DE REI DO BREGA AO FUNDO DO POÇO: LAIRTON E SEUS TECLADOS EXPÕE SUA REALIDADE ATUAL!

A Fama Meteorita: Do Chão da Garagem ao Trono do Planeta Xuxa

No apagar das luzes do século XX, o Brasil foi abalado por um fenômeno musical que desafiou todas as lógicas das grandes gravadoras cariocas e paulistas. Lairton dos Santos Silva, artisticamente coroado como ‘Lairton e seus Teclados’, emergiu da miséria absoluta do Maranhão para vender mais de um milhão de cópias com um único e avassalador hit. A história de Lairton é a crônica perfeita do sonho brasileiro: o retirante que vence a fome através da arte. Nascido em Alto Alegre do Pindaré, no coração profundo do Maranhão, o jovem Lairton lidou com as asperezas da vida muito antes de conhecer o brilho dos holofotes. Autodidata, aprendeu a dedilhar violão e teclado aos 8 anos de idade, enquanto o sol escaldante do Nordeste lhe curtia a pele durante suas jornadas como vendedor ambulante. O desejo de tirar a família da extrema pobreza o impulsionou para Santa Inês, mas a cidade não lhe sorriu de imediato. Sem dinheiro para o aluguel, o futuro “Rei da Seresta” chegou a dormir no chão frio de garagens de amigos para não incomodá-los na madrugada após suas exaustivas apresentações em bares locais.

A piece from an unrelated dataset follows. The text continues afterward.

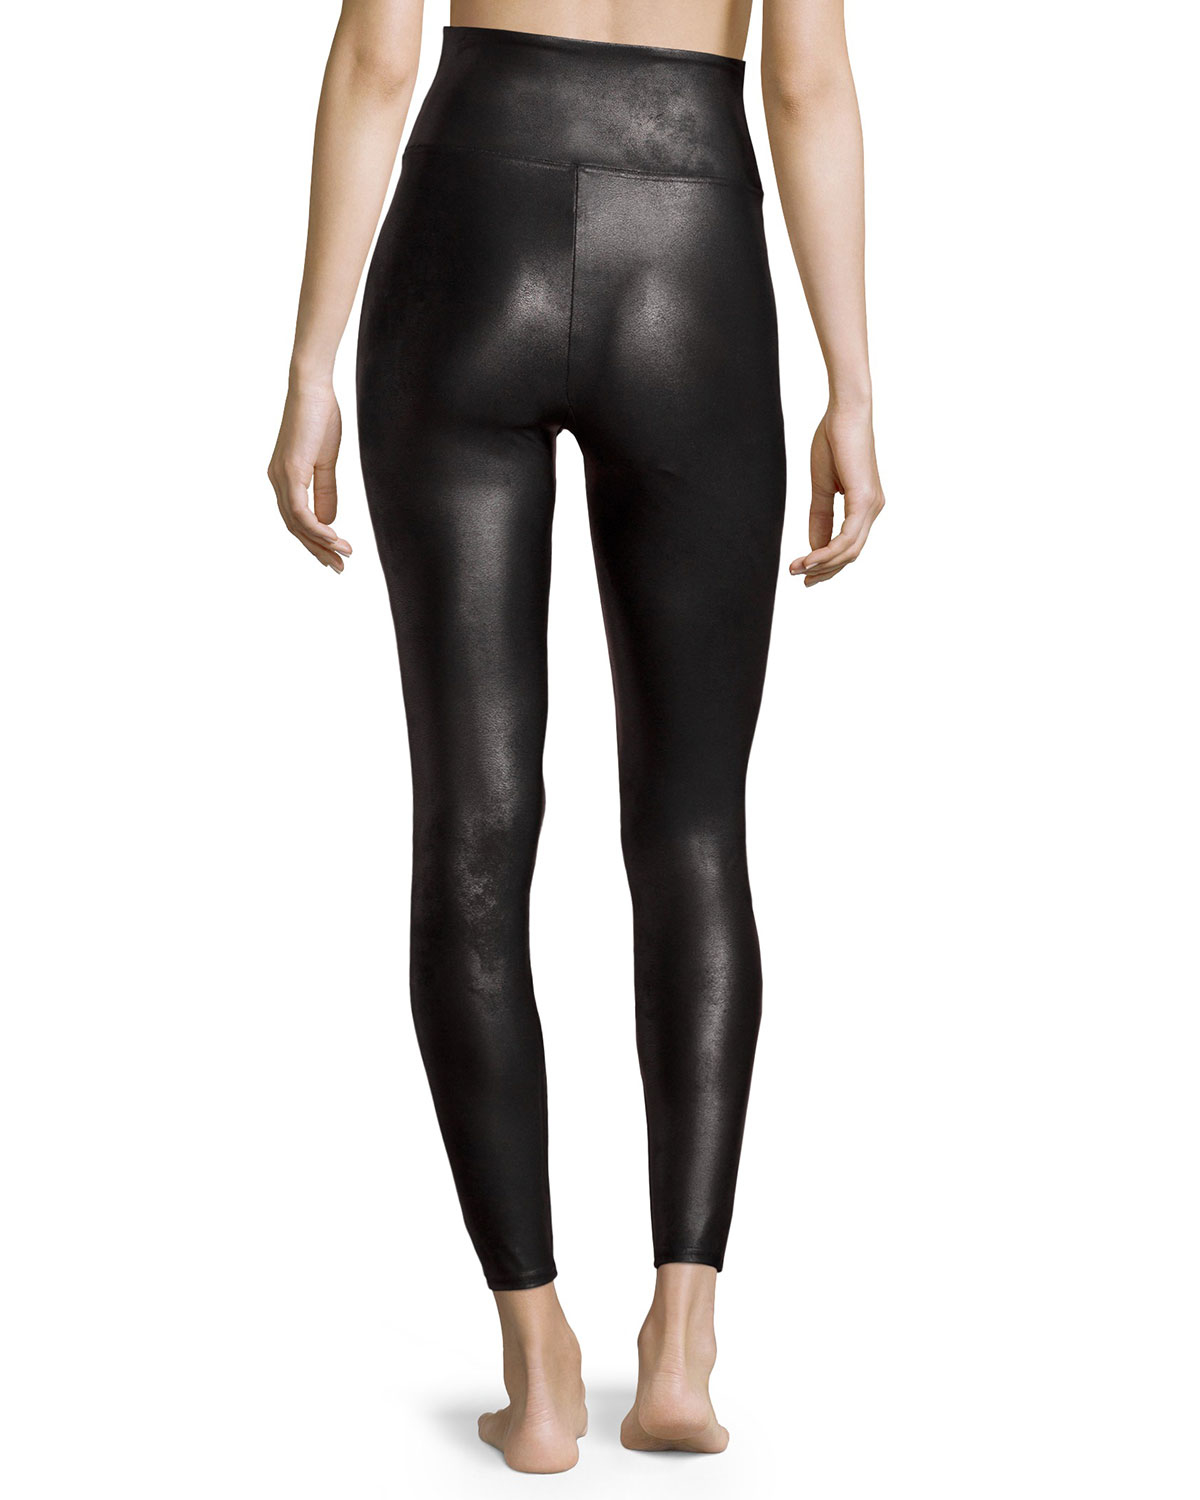 https://cdna.lystit.com/photos/fa8a-2015/09/03/spanx-black-ready-to-wow-faux-leather-leggings-product-1-128007835-normal.jpeg

Ao deixar o interior rumo à consagração, Lairton levava apenas um par de tênis, duas mudas de roupa e uma promessa quase delirante feita à mãe: “Quando eu voltar, voltarei com um disco na bagagem”. E ele não apenas voltou com um disco; ele voltou com um império. O ponto de virada, digno de roteiros cinematográficos, ocorreu quando uma modesta fita demo caiu nas mãos de ninguém menos que Marlene Mattos, a toda-poderosa diretora global e braço direito de Xuxa Meneghel. O convite para o ‘Planeta Xuxa’, o Olimpo da televisão brasileira na época, transformou o músico de bar em um ícone nacional. Em 1999, a regravação de “Morango do Nordeste”, uma joia de 1987 composta por Walter de Afogados e Fernando Alves, encontrou na voz melancólica de Lairton o seu intérprete definitivo. Enquanto gigantes como Frank Aguiar e Karametade tentavam surfar na mesma onda gravando suas próprias versões, foi Lairton quem dominou as FMs de norte a sul do Brasil. Ele não era apenas um cantor; ele validou comercialmente a cultura do teclado e da seresta, garantindo picos assombrosos de 30 pontos no Ibope e aparições constantes no Domingão do Faustão, onde a entrega do disco de platina duplo (500 mil cópias iniciais) selou seu status de realeza momentânea. O menino que dormia no chão agora frequentava os camarins mais cobiçados do país.

Lairton - Songs, Events and Music Stats | Viberate.com

O Acidente Fatal em Sergipe e a Nuvem de Luto

No entanto, na implacável roleta da fama, o bilhete premiado frequentemente cobra juros exorbitantes. O auge absoluto de Lairton foi bruscamente interrompido por um banho de sangue nas estradas poeirentas do sertão nordestino. Em maio de 2011, o brilho das lantejoulas e dos teclados foi engolido pelas manchetes da editoria de polícia. O ônibus da equipe do cantor trafegava pela perigosa rodovia estadual que liga Poço Redondo a Canindé de São Francisco, em Sergipe, quando colidiu frontalmente e de forma aterradora com uma ambulância da Prefeitura de Canindé. O saldo do impacto foi devastador e dilacerante: quatro idosos, que estavam no veículo de saúde a caminho de exames médicos de rotina, perderam a vida instantaneamente. O motorista do ônibus alegou, em depoimentos às autoridades de trânsito, que a ambulância realizava uma ultrapassagem arriscada na contramão. Ainda que Lairton não estivesse ao volante, e tampouco fosse criminalmente responsável pelo sinistro, o tribunal da opinião pública é veloz e impiedoso. A imagem do cantor, até então associada ao romance e à alegria dos bailes, foi indelével e tragicamente manchada pelo luto. Lairton surgiu na mídia abatido, expressando profunda dor e solidariedade: “Tentar de alguma forma ser solidário… sei que a dor das pessoas nesse momento não tem palavras para confortar”. Mas o estrago comercial e emocional já estava cimentado. A energia em torno de sua marca mudou. Contratantes recuaram, o público associou seu nome à morbidez de um evento com múltiplas vítimas fatais, e o “Morango do Nordeste” perdeu seu sabor açucarado. O acidente foi o gatilho inicial para um processo de recolhimento que, gradualmente, apagaria Lairton da memória midiática de curto prazo do país, inaugurando uma fase de ostracismo que o cantor não estava preparado para enfrentar.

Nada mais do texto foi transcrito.